To provide the management team with an understanding of sales composition across different product categories. 
- By knowing the percentage of total sales for each product category, they can gain insights into which categories drive most of the company's sales.

This understanding will help guide decisions about inventory (e.g., which categories should be stocked more heavily) and marketing strategies (e.g., which categories should be promoted more aggressively).

In [17]:
%%sql
WITH category_sales AS (
	SELECT 
		categories.category_id,
		categories.category_name,
		SUM(quantity * products.unit_price * (1 - discount)) AS total_sales
	FROM order_details
	JOIN products 
		ON order_details.product_id = products.product_id 
	JOIN categories
		ON products.category_id = categories.category_id 
	GROUP BY categories.category_id, categories.category_name
)
SELECT 
	category_id,
	category_name,
	total_sales / SUM(total_sales) OVER() * 100 AS sales_percentage
FROM category_sales
ORDER BY sales_percentage DESC;

 * postgresql://postgres:***@localhost:5433/northwind
8 rows affected.


category_id,category_name,sales_percentage
1,Beverages,21.331025404054813
4,Dairy Products,18.556754766640605
3,Confections,13.289737410548025
6,Meat/Poultry,12.902483709246834
8,Seafood,10.195732374296789
2,Condiments,8.400470714786334
7,Produce,7.813322138303922
5,Grains/Cereals,7.510473482122698


- The highest sales percentages is `Beverages` and closely followed by `Dairy Products`.
- The lowest sales percentage are `Produce` and `Grains/Cereals`.

***

### Top Products Per Category

The management team wants to know the top three items sold in each product category. 

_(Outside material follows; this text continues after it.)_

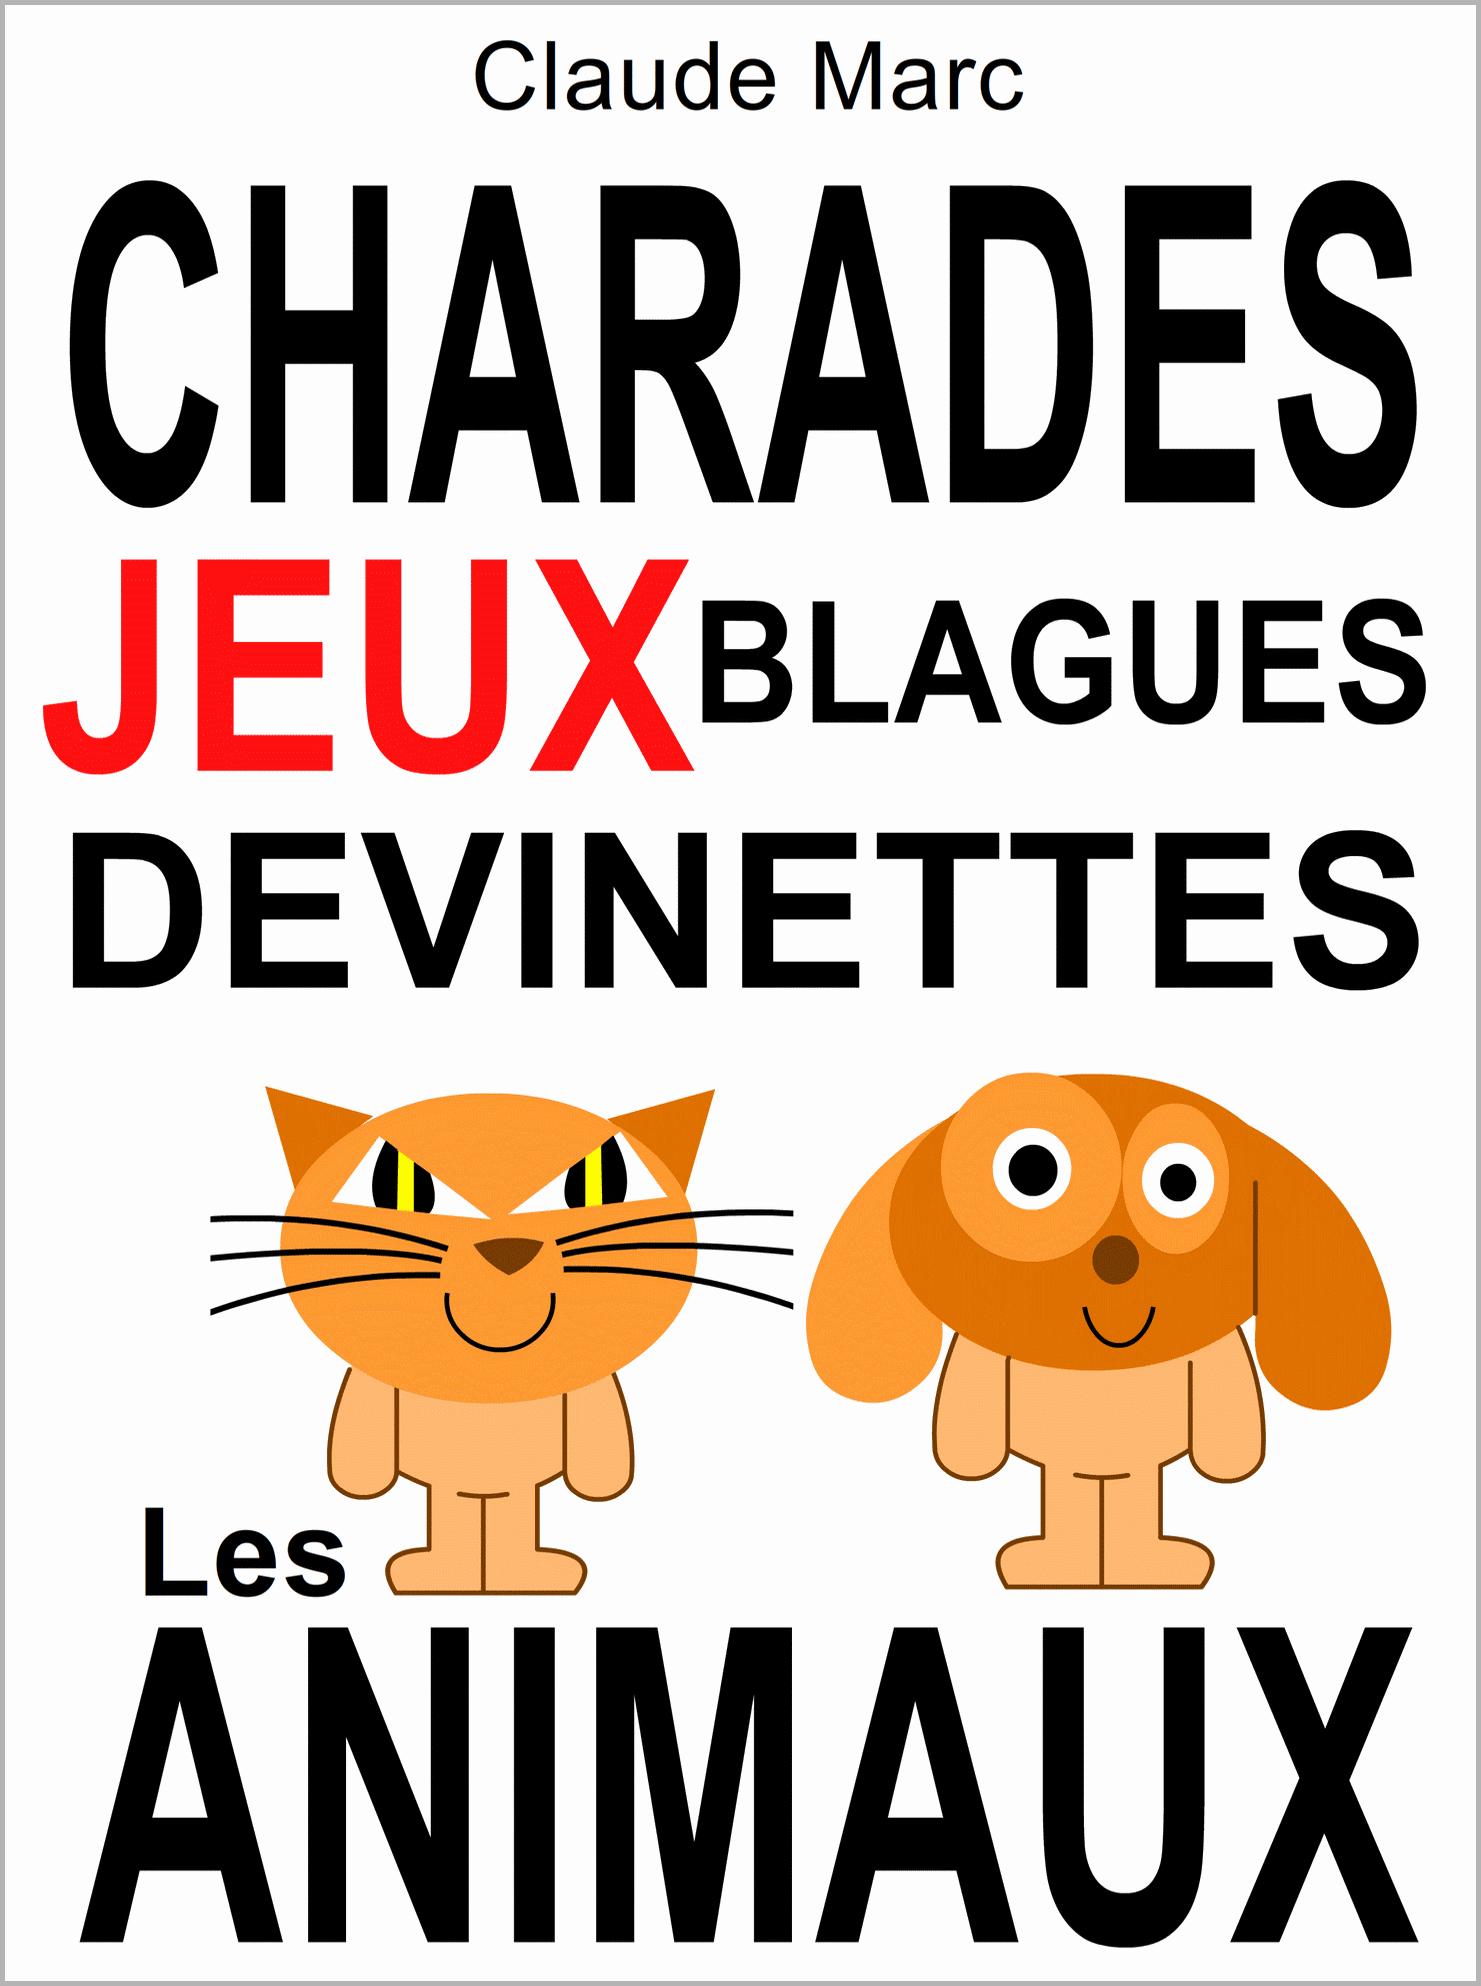 Charades Et Devinettes Sur Les Animaux. Jeux Et Blagues Pour Enfants. dedans Jeux Animaux Enfant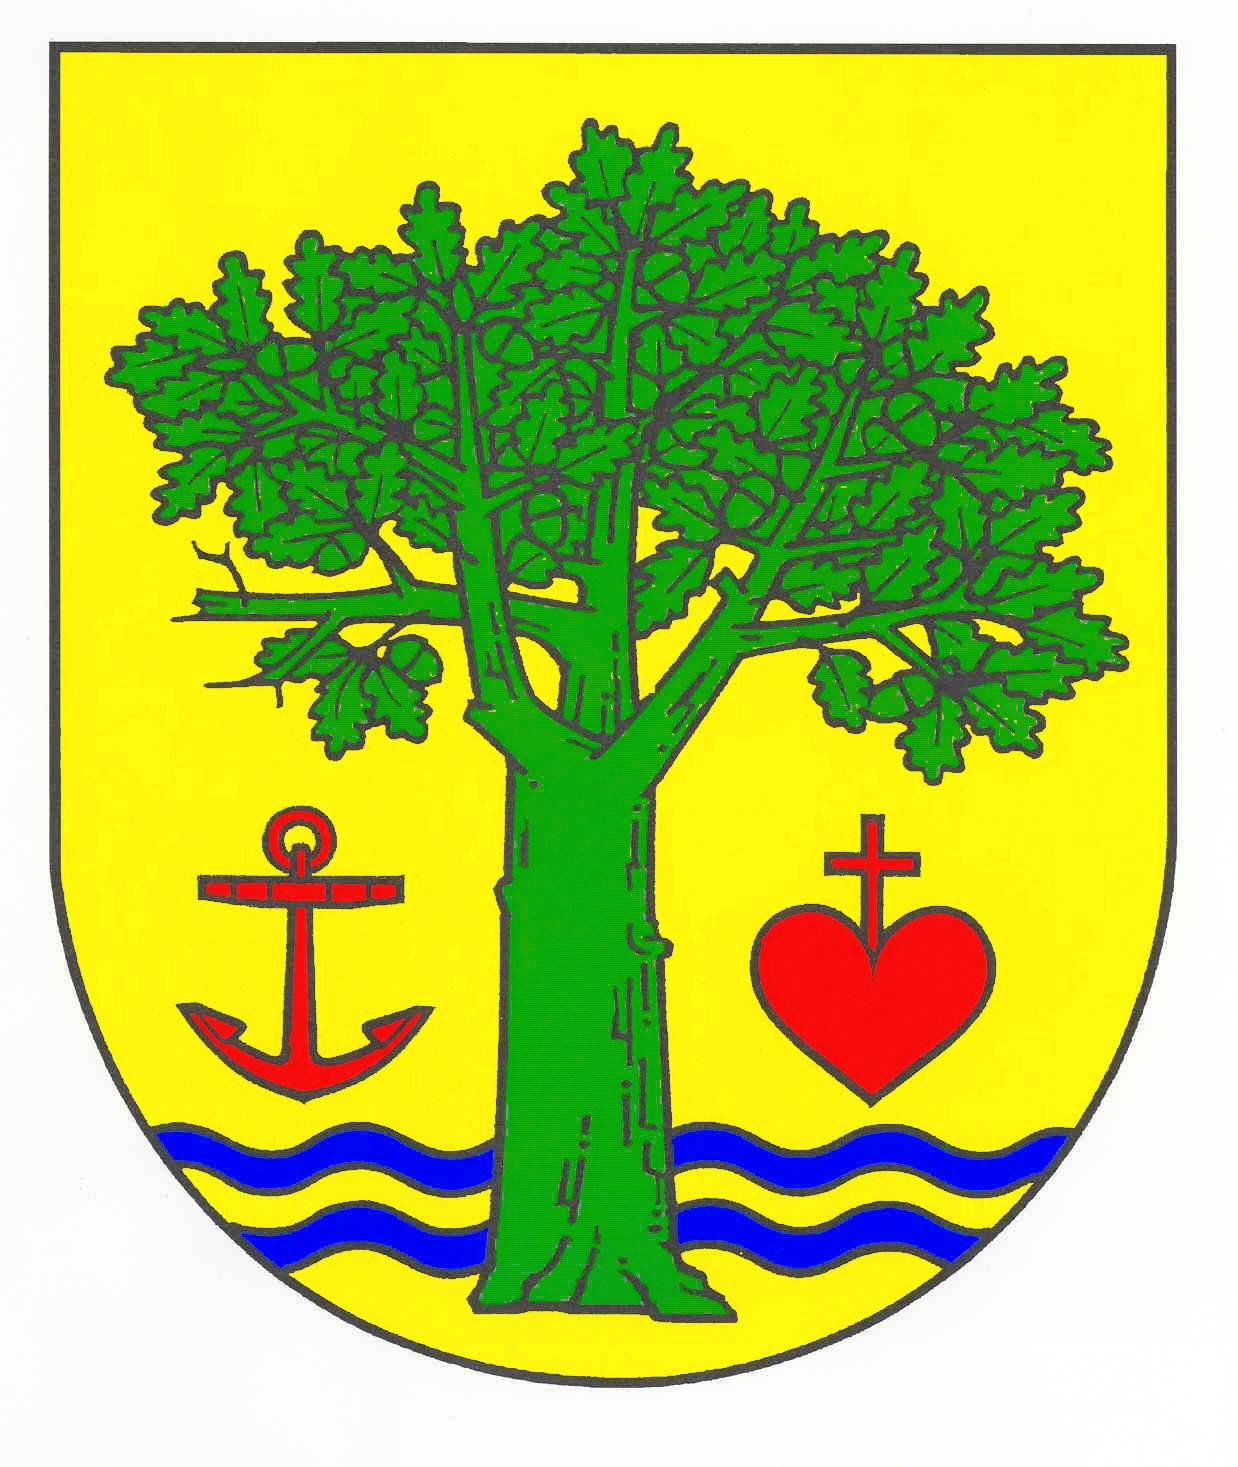 Wappen GemeindeLankau, Kreis Herzogtum Lauenburg

This will allow them to identify star performers and ensure that these products are kept in stock and marketed prominently.

**Top 3 Products Sold By Category**

In [18]:
%%sql
WITH product_sales AS (
	SELECT 
		products.category_id,
		categories.category_name,
		products.product_id,
		products.product_name,
		SUM(quantity * products.unit_price * (1 - discount)) AS total_sales
	FROM products 
	JOIN order_details 
		ON order_details.product_id = products.product_id 
	JOIN categories 
		ON categories.category_id = products.category_id 
	GROUP BY 
		products.category_id,
		categories.category_name,
		products.product_id
)
SELECT 
	category_id,
	category_name,
	product_id,
	product_name,
	total_sales
FROM (
	  SELECT
	  	category_id, category_name, product_id, product_name, total_sales,
	  	ROW_NUMBER() OVER(PARTITION BY category_id ORDER BY total_sales DESC) AS rn
	  FROM product_sales
	  ) 
WHERE rn <= 3;

 * postgresql://postgres:***@localhost:5433/northwind
24 rows affected.


category_id,category_name,product_id,product_name,total_sales
1,Beverages,38,Côte de Blaye,153897.1748863291
1,Beverages,43,Ipoh Coffee,25109.09997367859
1,Beverages,2,Chang,17719.399970583618
2,Condiments,63,Vegie-spread,18343.61561246872
2,Condiments,61,Sirop d'érable,15022.349960759282
2,Condiments,65,Louisiana Fiery Hot Pepper Sauce,14893.926944906489
3,Confections,62,Tarte au sucre,50737.09416846588
3,Confections,20,Sir Rodney's Marmalade,24199.559986554086
3,Confections,26,Gumbär Gummibärchen,21662.689146941742
4,Dairy Products,59,Raclette Courdavault,76683.74989898875


## Conclusion

The project offered comprehensive insights into sales performance, customer behaviors, and employee contributions.

It showcased opportunities for improvement, customer relationship strengthening, and strategic planning to sustain and enhance sales growth. 

Implementing the recommended strategies could potentially lead to better customer retention, improved employee performance, and sustained sales growth in the future.